The U.S. government has two stockpiled vaccines—JYNNEOS and ACAM2000—that can prevent monkeypox in people who are exposed to the virus.

Learn more about monkeypox vaccines.

Various clinics for the vaccine are currently being organized by private health organizers. See below for current known clinics in OC.

Monkeypox can more accurately be described as “sexually transmissible.” In other words, sex is just one of the ways that monkeypox can be spread. In the past, monkeypox outbreaks have been linked to direct exposure to infected animals and animal products, with limited person-to-person spread. In the current monkeypox outbreak, the virus is spreading primarily through close personal contact. This may include contact with infectious lesions or respiratory secretions via close, sustained skin-to-skin contact that occurs during sex. However, any close, sustained skin-to-skin contact with someone who has monkeypox can spread the virus. The contact does not have to be exclusively intimate or sexual.

Learn more about lowering your risk of monkeypox during sex.

Monkeypox Vaccine Sites in Orange County

The Orange County Health Care Agency is now opened a limited amount of additional slots via for both 1st and 2nd Jynneos (MonkeyPox vaccine) doses.

Jynneos vaccine clinics are scheduled to run every Wednesday and Friday in September, as well as October 5th and 7th.

The Jynneos clinic will continue to be held from 10am to 7pm on these days at the SSA Central Regional Office (2020 W. Walnut Street, Santa Ana 92703).
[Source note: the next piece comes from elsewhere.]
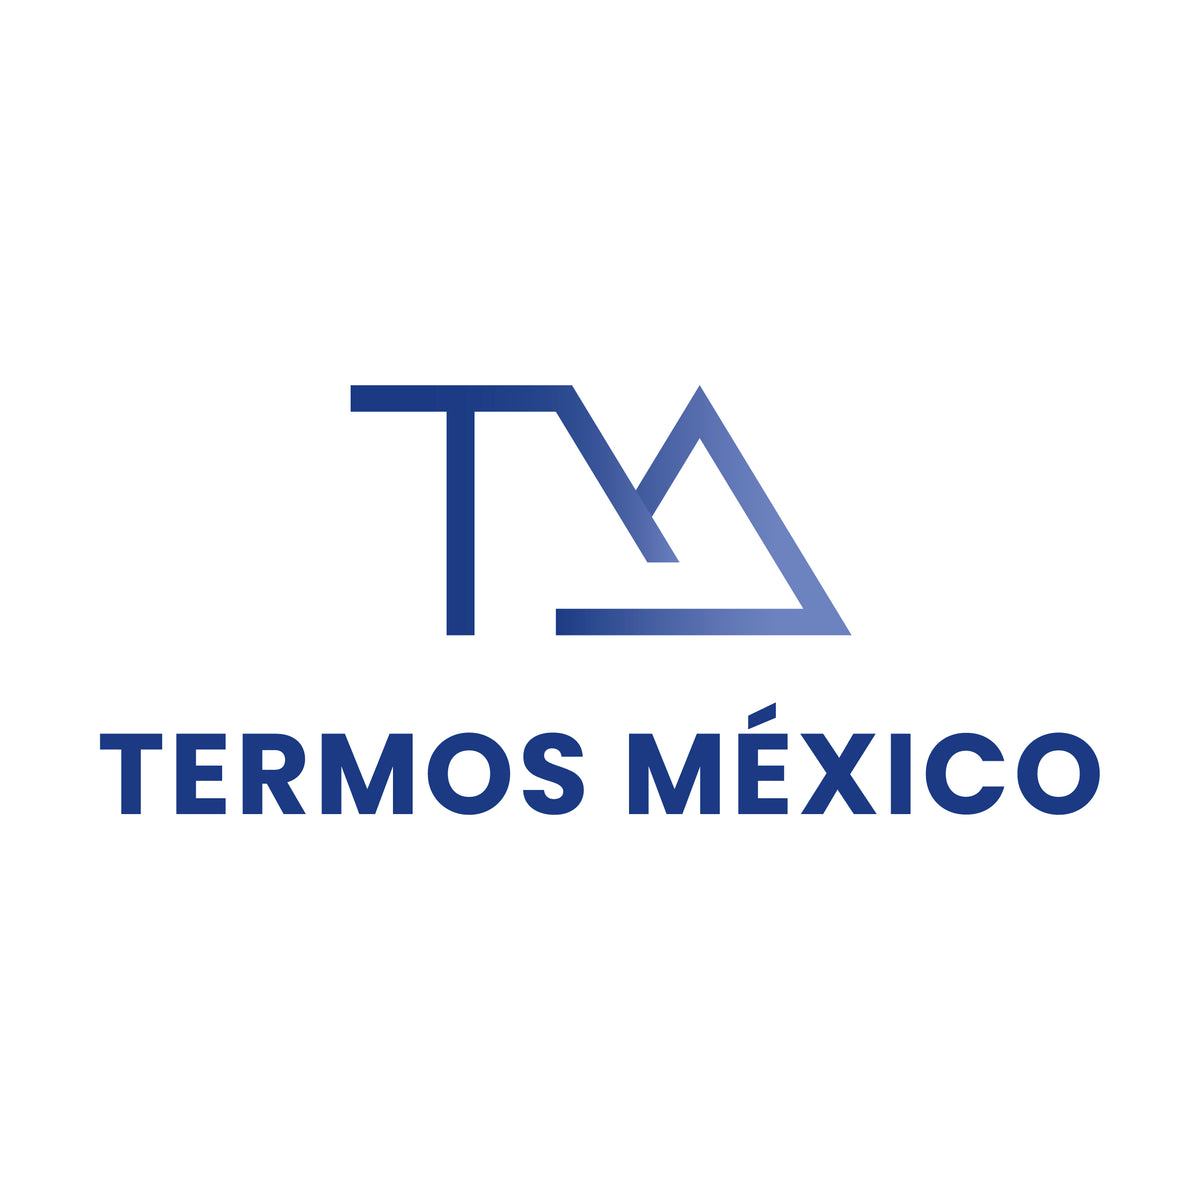 Termos Mexico - YETI MEXICO - RTIC MEXICO — Termos Yeti Mexico

Appointments are for those considered high risk individuals and who self-attest to meeting the criteria outlined below:

Gay, bisexual, and other men (including cisgender and transgender men) who have sex with men (MSM) or transgender women who meet at least one of the following criteria:

Have been diagnosed with a bacterial sexually transmitted disease (e.g., chlamydia, gonorrhea, syphilis) in the past 3 months, OR

Have engaged in chemsex or group sex with other men, OR

Have had sex recently with anonymous male partners, OR

Have attended sex-on-premises venues (e.g., saunas, bathhouses, sex clubs), OR

Have engaged in survival and/or transactional sex, OR

Any man or trans person who has sex with men or trans persons

Any man or trans person who is taking or is eligible for HIV PrEP

Anyone living with HIV, particularly those with a CD4 count <350/mm3, an unsuppressed HIV viral load, or an opportunistic infection

Are part of other populations who are at high risk of monkeypox exposure, as identified through local epidemiological investigations. Among this group, persons who are living with HIV (particularly those with CD4 count <200/mm3 or an opportunistic infection) or other conditions that cause immunocompromise.

All those who are eligible can schedule an appointment on any of the available days below. Clinics are by appointment only.

CDC UPDATE (9/28/22)

Today, CDC is announcing expanded eligibility for monkeypox vaccination so that more people may receive the vaccine before they are exposed to the disease. Vaccination remains an important tool in preventing the spread of monkeypox, and this public health measure is known as pre-exposure prophylaxis, or PrEP.

Preliminary data from 32 states show that those who were eligible and did not receive the monkeypox vaccine were about 14 times more likely to become infected than those who did receive the monkeypox vaccine. For those vaccinated, protection was seen as early as two weeks after their first vaccine dose.